Rep. Wolkins has introduced HB 1411 amending the level of compensation for what the statute calls “non-public” uses. I put that term in quotes since, if it was truly “non-public” then the use of eminent domain wouldn’t be possible. The 5th Amendment provides, “nor shall private property be taken for public use, without just compensation.” Back when the blog was young, I covered the case of Kelo v. City of New London wherein the Supreme Court held that an economic development plan by the City to revitalize a blighted part of the town was a Constitutionally permissible taking where the City would ultimately transfer some of the taken land to private developers. The breathless opposition to the case at the time proclaimed that the concept of private property was at an end! Turns out, not so much. In any case, shortly thereafter, the General Assembly passed IC 32-24-4.5 at the time which governed governmental taking of the kind contemplated by Kelo.

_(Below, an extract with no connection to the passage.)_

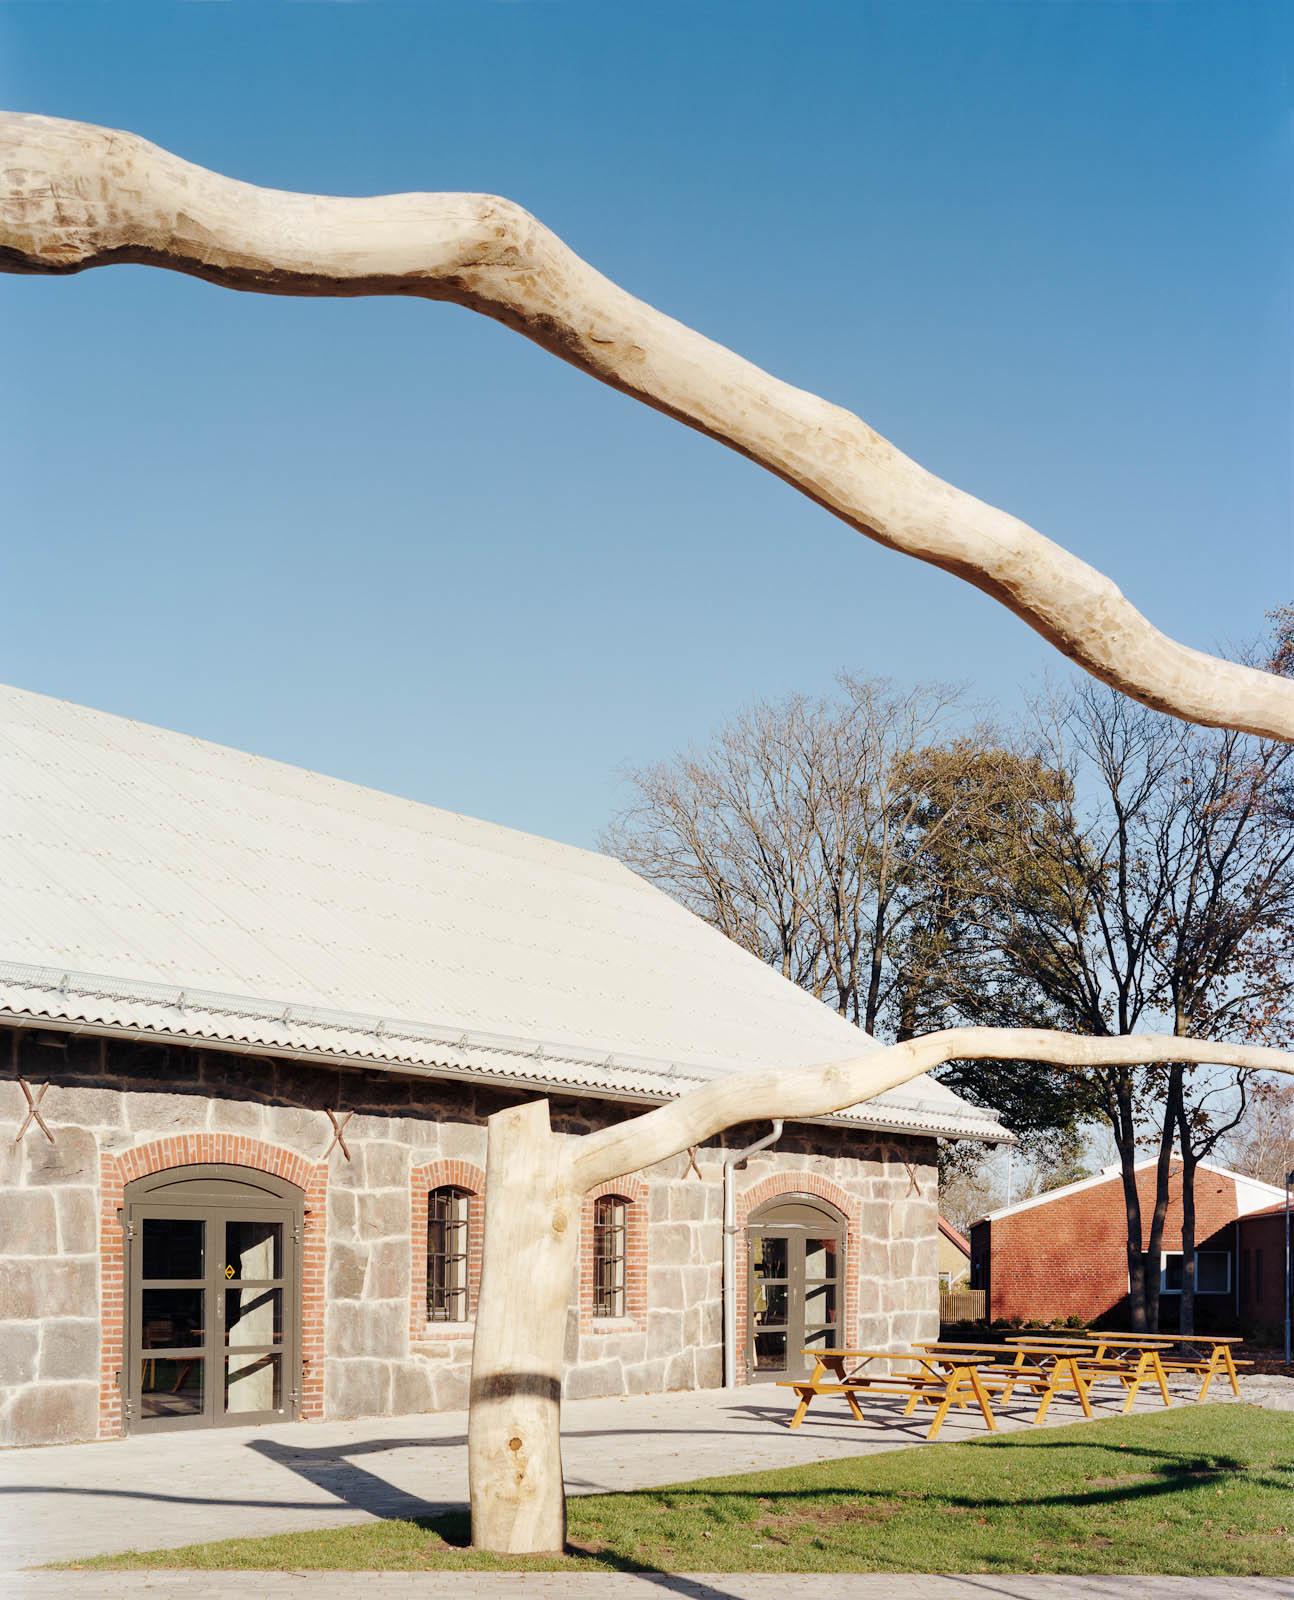 Grenen är uppstöttad i höjd med portvalvet. Skolan i bakgrunden. Malin Bogholt, Kontakt

The statute defined “public use” as being where the government actually retained ownership for things like highways, airports, and parks; leasing public property to a private entity (e.g. the Toll Road); and utilities (even if those were privately owned). So, some transfers to private entities were specifically o.k., but the statute specifically excluded from the term “public use” ” the public benefit of economic development, including an increase in a tax base, tax revenues, employment, or general economic health.” This was the kind of “public use” that’s constitutionally permissible under Kelo. And, it remained permissible under Indiana law if the real estate was, in some sense (defined in the statute), blighted and the acquisition would do more than just improve the property increase the property tax base of the governmental entity. The entity condemning the property would also have to pay more for it: 125% of market value for agricultural property; 150% of market value for owner-occupied residential property; and 100% for any other real property.
That’s a long wind up for what Rep. Wolkin’s legislation would do: make the 150% apply to all residential property whether owner-occupied or not. However, it defines “residential property” as a single-family dwelling that’s not owned for the purpose of resale, rental, or leasing in the ordinary course of business. So, I’m not sure if the intent is to protect land owned by trusts but occupied by the beneficiary of the trusts or to protect land where, say, mom and dad own the property but let family members live there or what. My guess is that there is a specific story behind this particular piece of legislation.